A random smattering of some hot titles having to do with women for the first week of Women’s History Month! There are a couple non-fiction titles and couple fiction titles; we think there’s a little something for everyone in this list! These titles are flying off the shelves, so make sure to request your copy today!

Half the sky : turning oppression to opportunity for women worldwide / Nicholas D. Kristof and Sheryl WuDunn.

New York Times columnist Kristof and his wife, WuDunn, a former Times reporter, make a brilliantly argued case for investing in the health and autonomy of women worldwide. More girls have been killed in the last fifty years, precisely because they were girls, than men were killed in all the wars of the twentieth century, they write, detailing the rampant gendercide in the developing world, particularly in India and Pakistan. Far from merely making moral appeals, the authors posit that it is impossible for countries to climb out of poverty if only a fraction of women (9% in Pakistan, for example) participate in the labor force. China’s meteoric rise was due to women’s economic empowerment: 80% of the factory workers in the Guangdong province are female; six of the 10 richest self-made women in the world are Chinese. The authors reveal local women to be the most effective change agents: The best role for Americans isn’t holding the microphone at the front of the rally but, rather, behind the scenes writing checks.

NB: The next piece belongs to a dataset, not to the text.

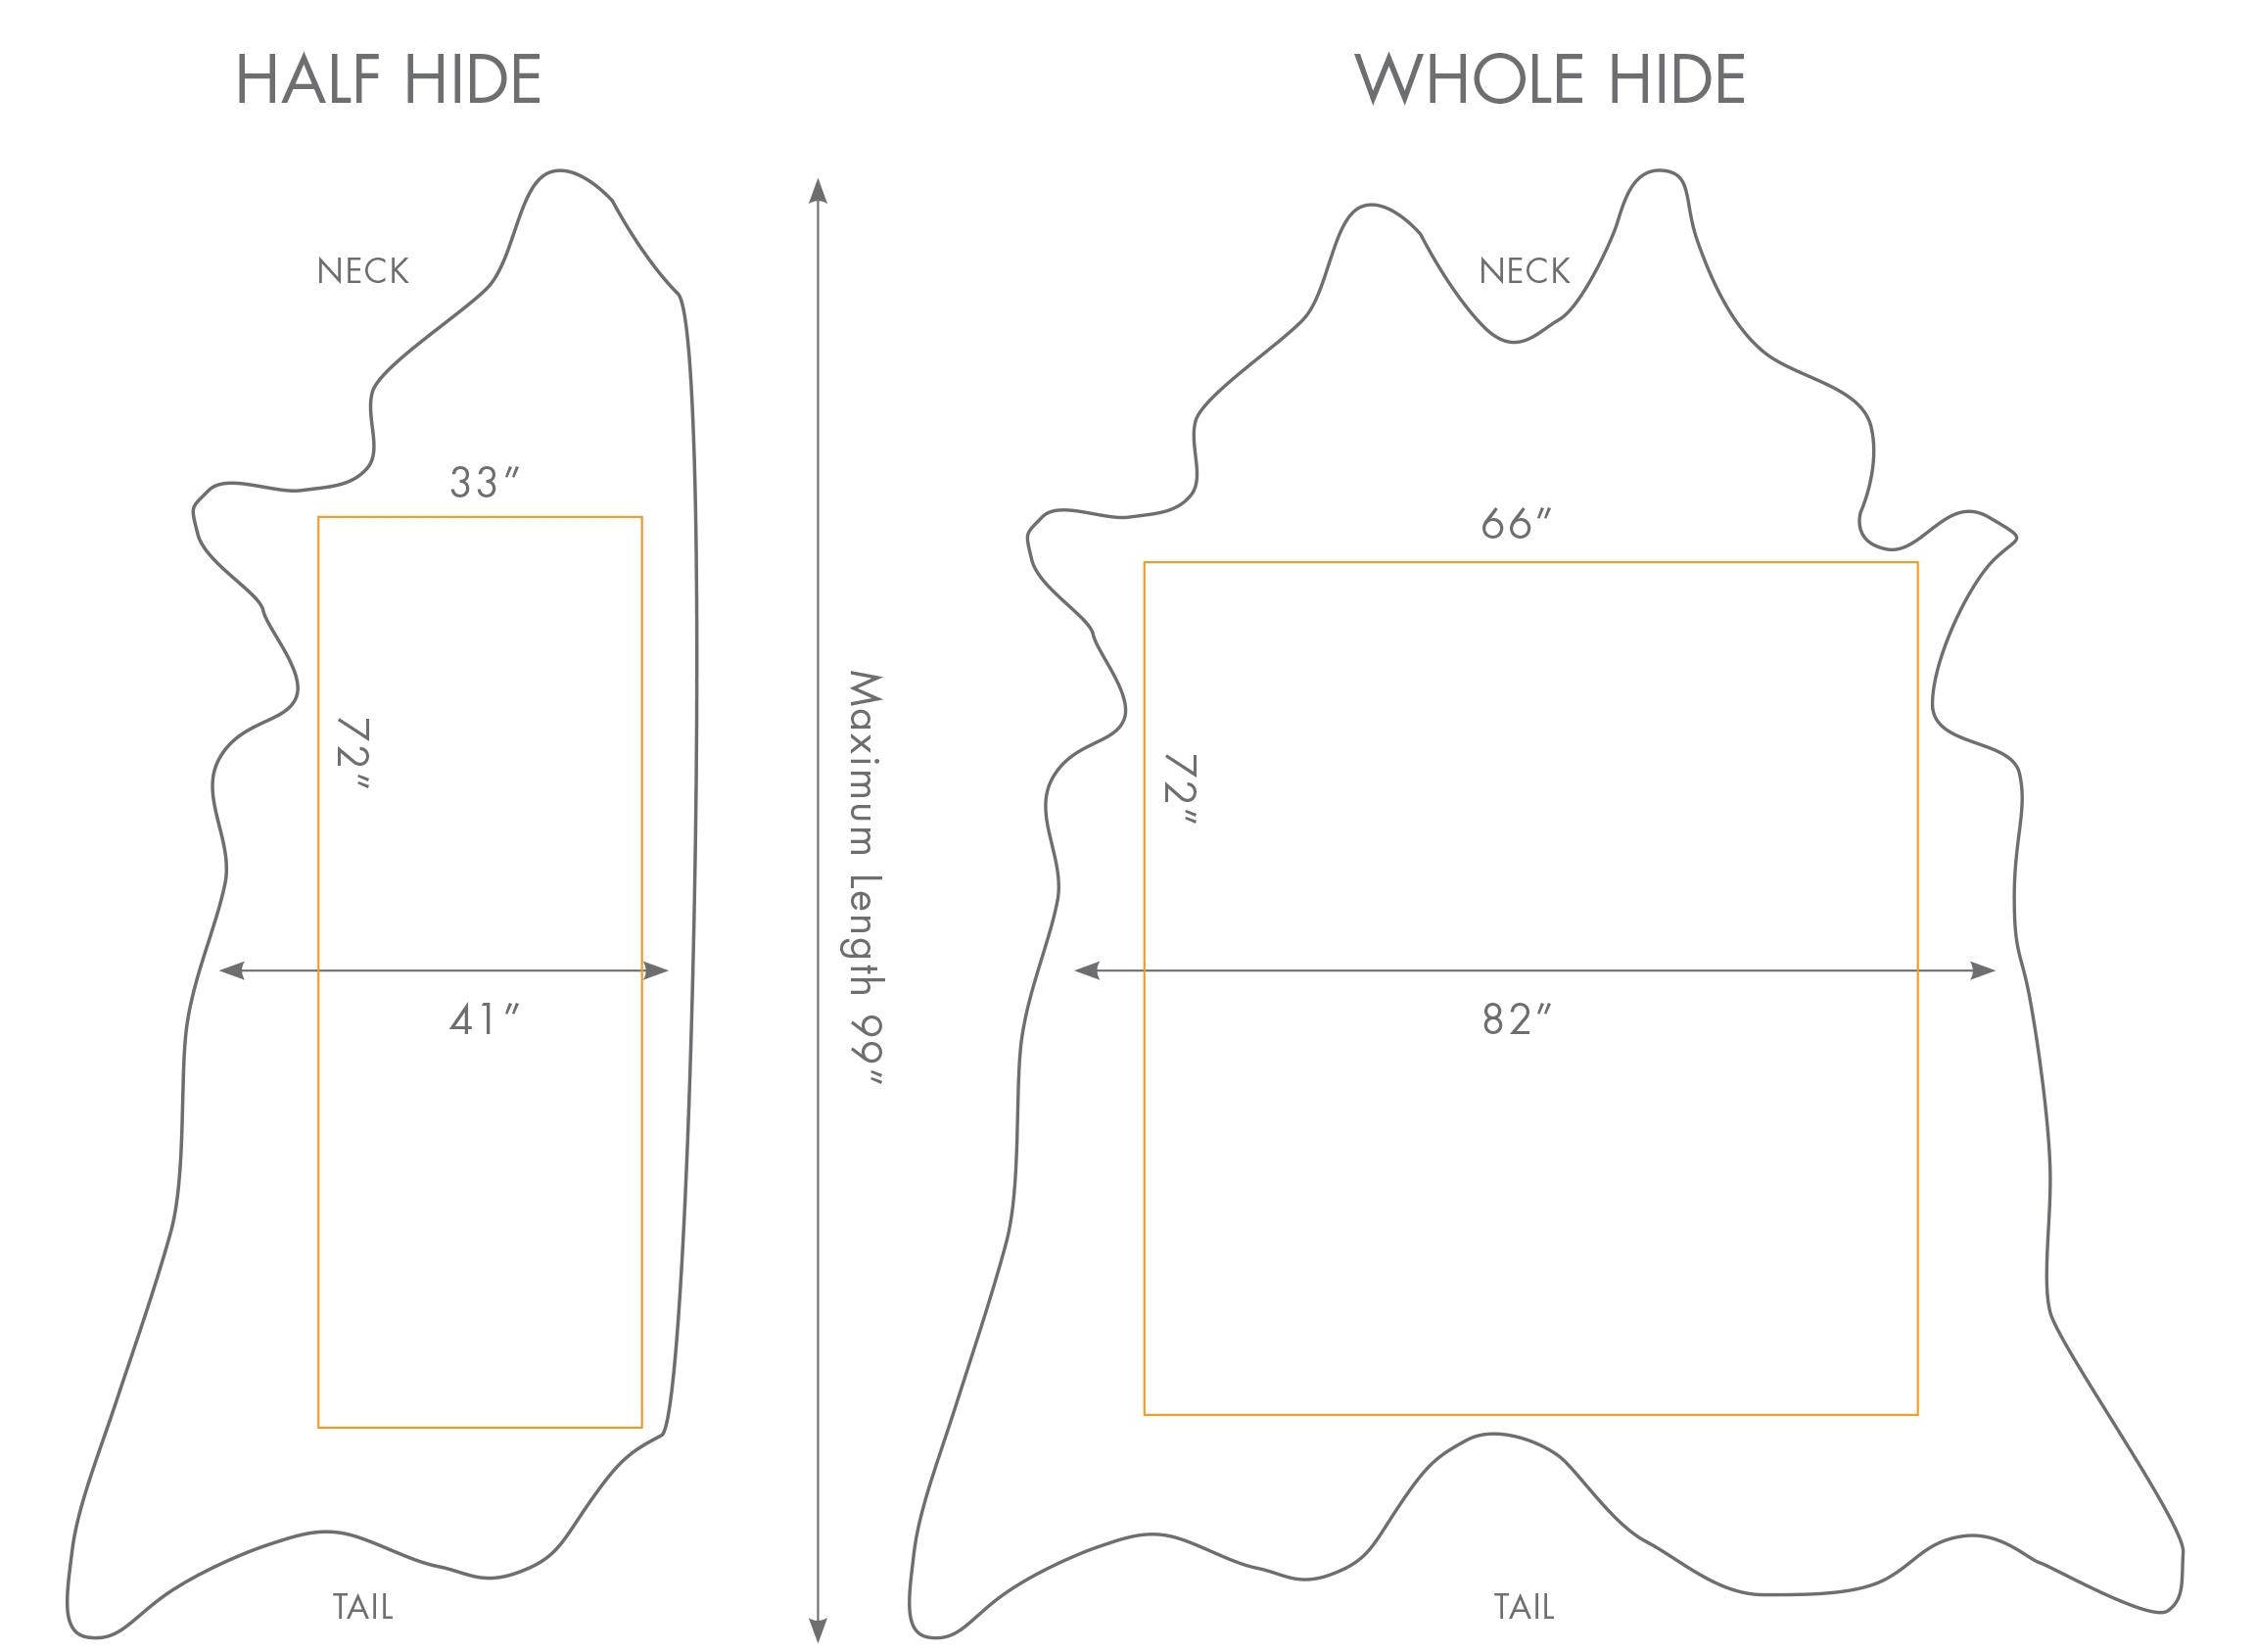 average hide size

What French women know : about love, sex, and other matters of the heart and mind / Debra Ollivier.

Ollivier goes beyond familiar ooh-la-la stereotypes about French women, challenging cherished notions about sex, love, dating, marriage, motherhood, raising children, body politics, seduction, and flirtation. Less a how-to and more a how-not-to, What French Women Know offers a refreshing counterpoint to the stale love dogma of our times. Peppered with anecdotes from its Franco-American author and filled with provocative ideas from French sexperts, mistresses and maidens alike, it debunks longstanding myths, presenting savvy new thinking from an old sexy culture and more realistic, life-affirming alternatives from the land that knows how to love.

The women : a novel / T. Coraghessan Boyle.

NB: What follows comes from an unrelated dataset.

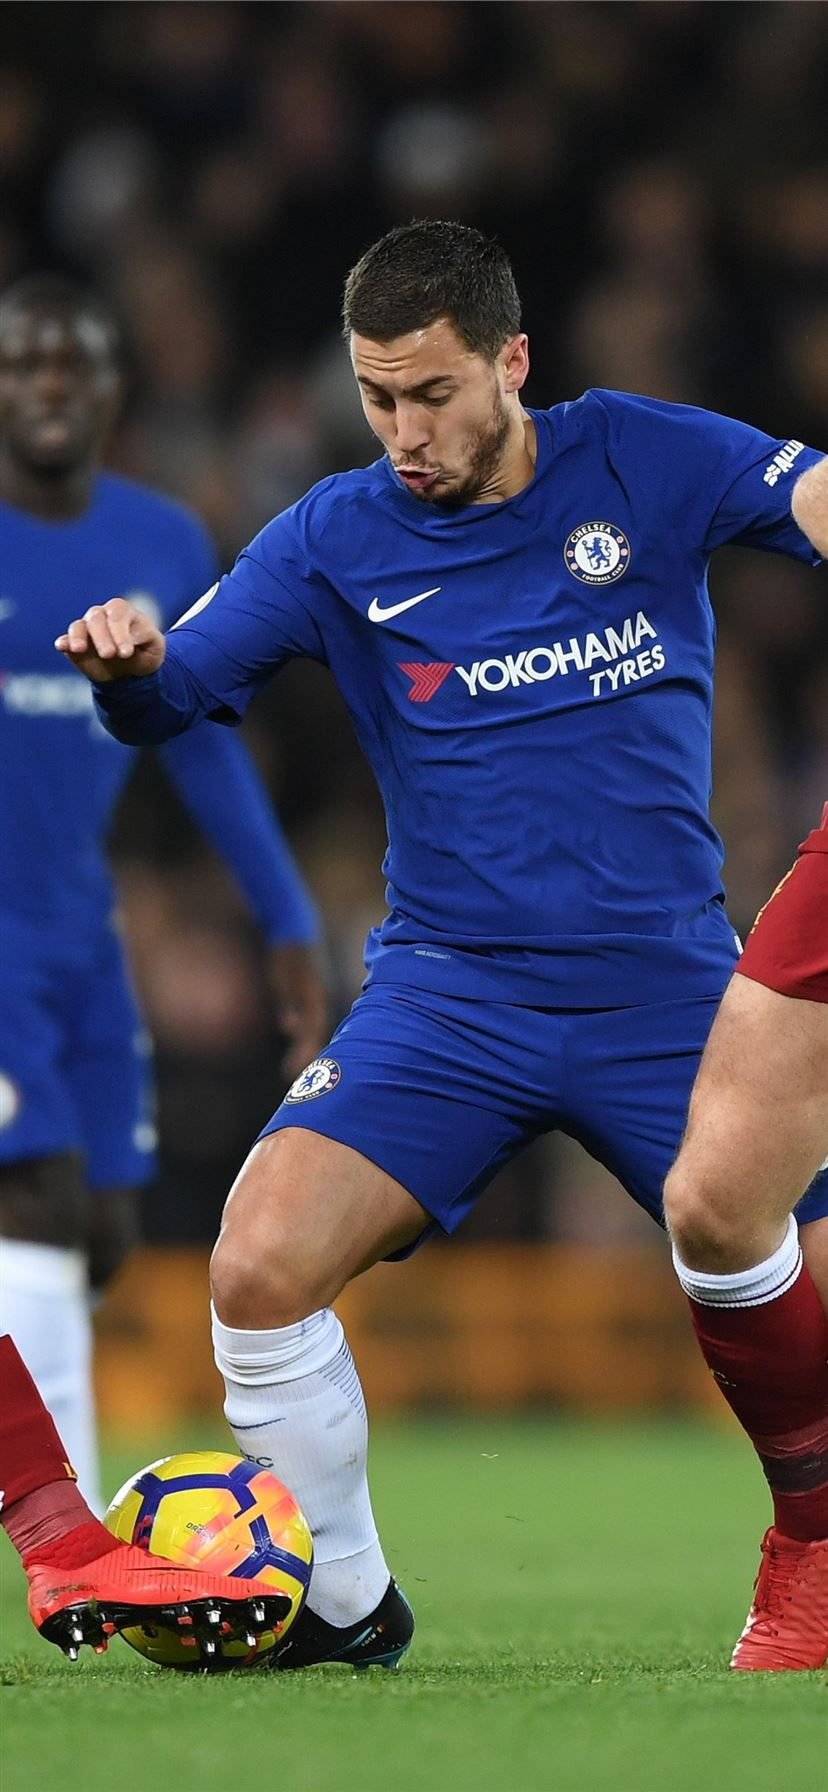 Eden Hazard Chelsea Soccer 4k Sport Page 7 Iphone 11 Wallpapers Free Download

The genius of Frank Lloyd Wright was both magnetic and cruel, as evidenced by the succession of failed marriages and hot-blooded affairs depicted in this biographic reimagining that drills into Wright mythology and the dark shadows of the American dream. The narrative moves backwards in time through the accounts of four women in Wrights life: Olgivanna, the steely, grounded dancer from Montenegro; Miriam, the drug-addled narcissist from the South; Kitty, the devoted first wife; and Mamah, the beloved and murdered soul mate and intellectual companion. But the novels centerpiece is Taliesin, Wrights Oz-like Wisconsin home. The tragedies that befall Taliesin—fires, brutality—serve as proxy for Wrights inner turmoil; his deeper stirrings surface only occasionally from behind Boyles oft-overbearing depiction of Wrights women.  Its a lush, dense and hyperliterate book—in other words, vintage Boyle.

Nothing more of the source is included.